Stu Rothenberg: “It’s far too early to know whether Democrats will have some, or even any, chance to win back the House next year; candidate recruitment has just begun, the number of retirements (and open seats) is uncertain and the president’s popularity more than 20 months from now is an open question. But we do know that history, as The New York Times‘ Nate Silver pointed out in a column last November, suggests that Democrats will have a very tough road to 218 seats.”
“Going back to the election of 1862, the only time the president’s party gained as many as 10 seats was, well, never. Even in 1934, the best showing by the president’s party in House elections since the Civil War, the president’s party gained only nine seats.”
Police have arrested a Colorado man for sending racially and sexually offensive e-mails to state Rep. Rhonda Fields (D), “including one that said he hoped she would meet the same fate as a congresswoman who was shot in the head,” the Denver Post reports.
One of the e-mails called Fields “pathetic” and also mentioned state Rep. Beth McCann (D). It said, “Hopefully somebody Giffords both of your asses with a gun…”
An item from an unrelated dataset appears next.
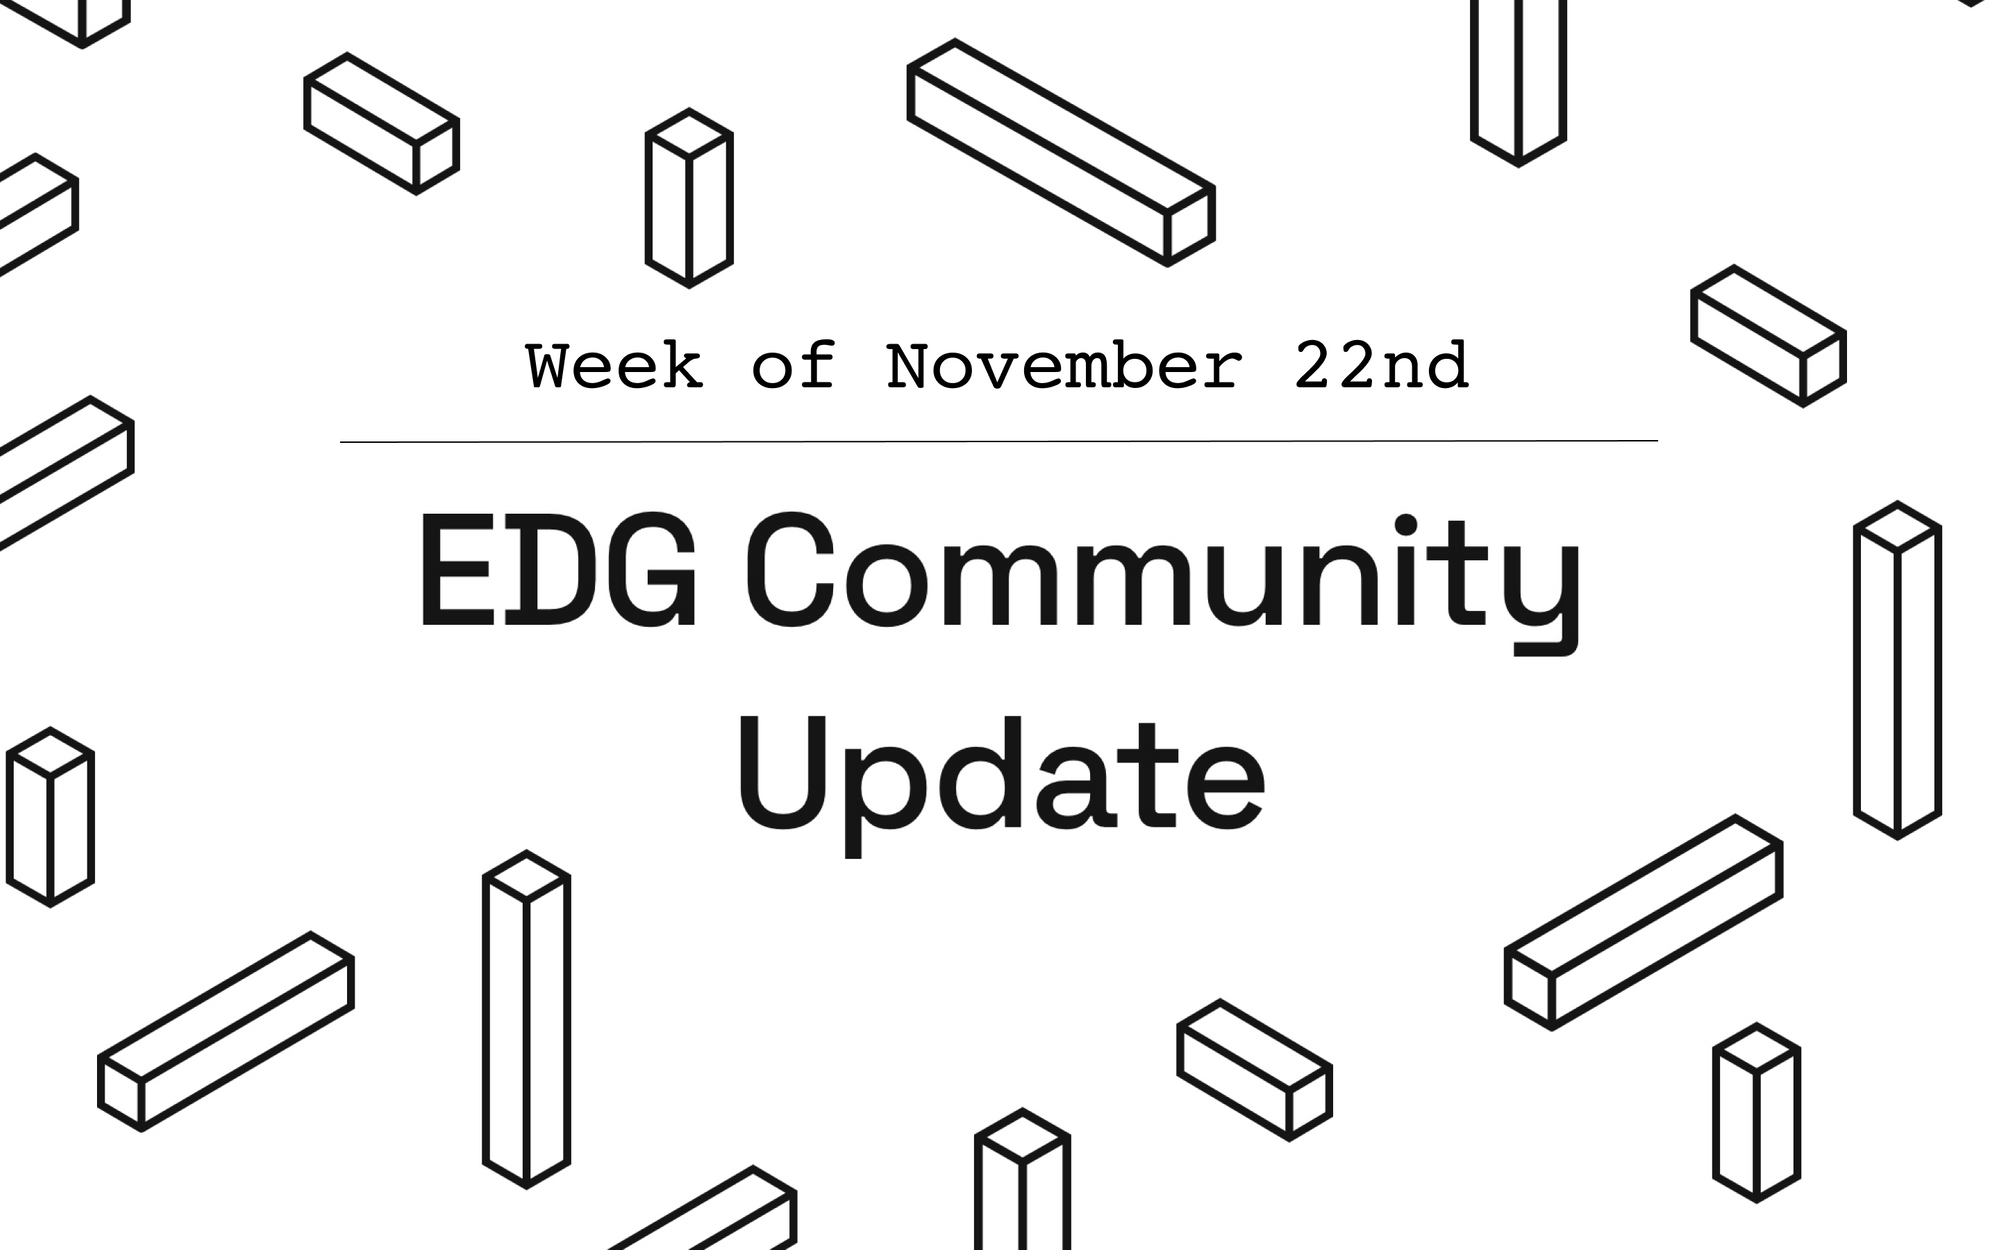 EDG Community Update: Week of November 22nd

The man told police he was “just voicing some frustrations” about efforts to tighten state gun laws.
Rep. Walter Jones (R-NC) told a Libertarian conference over the weekend that former Vice President Dick Cheney would probably end up in hell for the Iraq War, the Huffington Postreports.
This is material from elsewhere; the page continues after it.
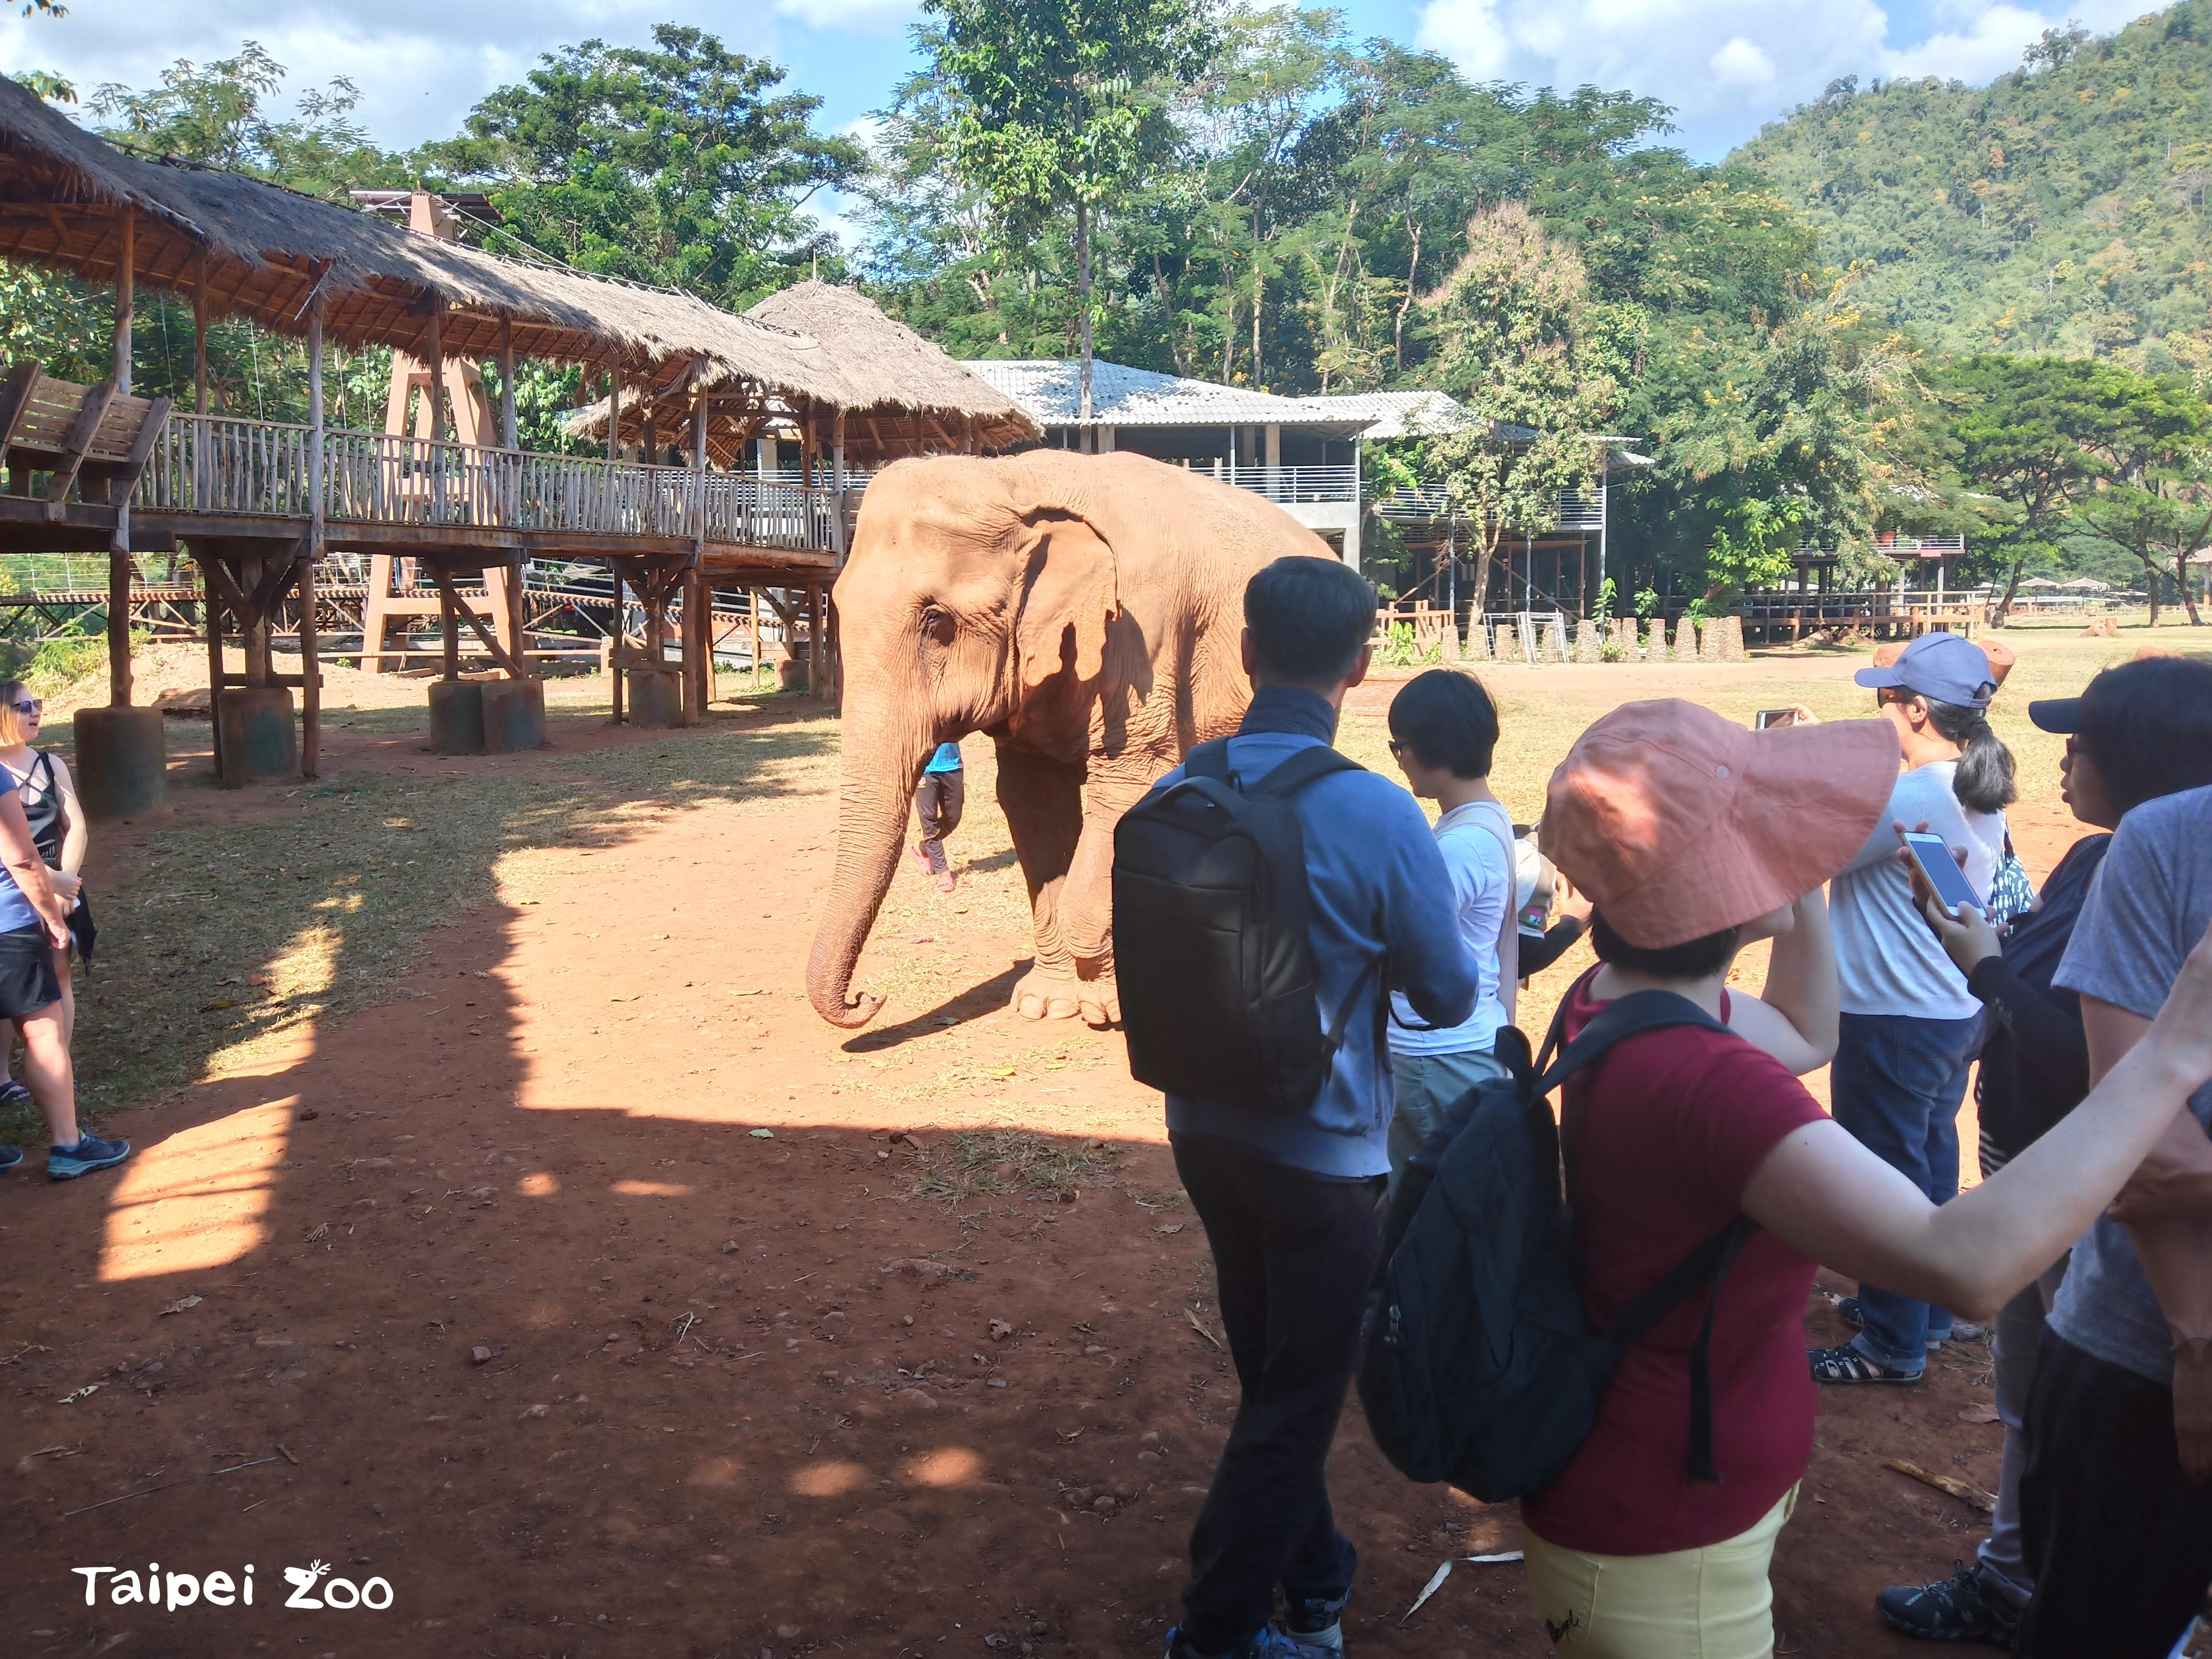 大象保育中心參訪： 一個可以近距離觀察大象，互相理解和尊重大象的保育公園。

Said Jones: “Congress will not hold anyone to blame. Lyndon Johnson’s probably rotting in hell right now because of the Vietnam War, and he probably needs to move over for Dick Cheney.”
“Dozens of prominent Republicans — including top advisers to former President George W. Bush, four former governors and two members of Congress — have signed a legal brief arguing that gay people have a constitutional right to marry, a position that amounts to a direct challenge to Speaker John A. Boehner and reflects the civil war in the party since the November election,” the New York Times reports.
The Supreme Court next month will hear back-to-back arguments in a suit seeking to strike down Proposition 8, a California ballot initiative barring same-sex marriage, and another case that challenges the 1996 federal Defense of Marriage Act.”
“Legal analysts said the brief had the potential to sway conservative justices as much for the prominent names attached to it as for its legal arguments.”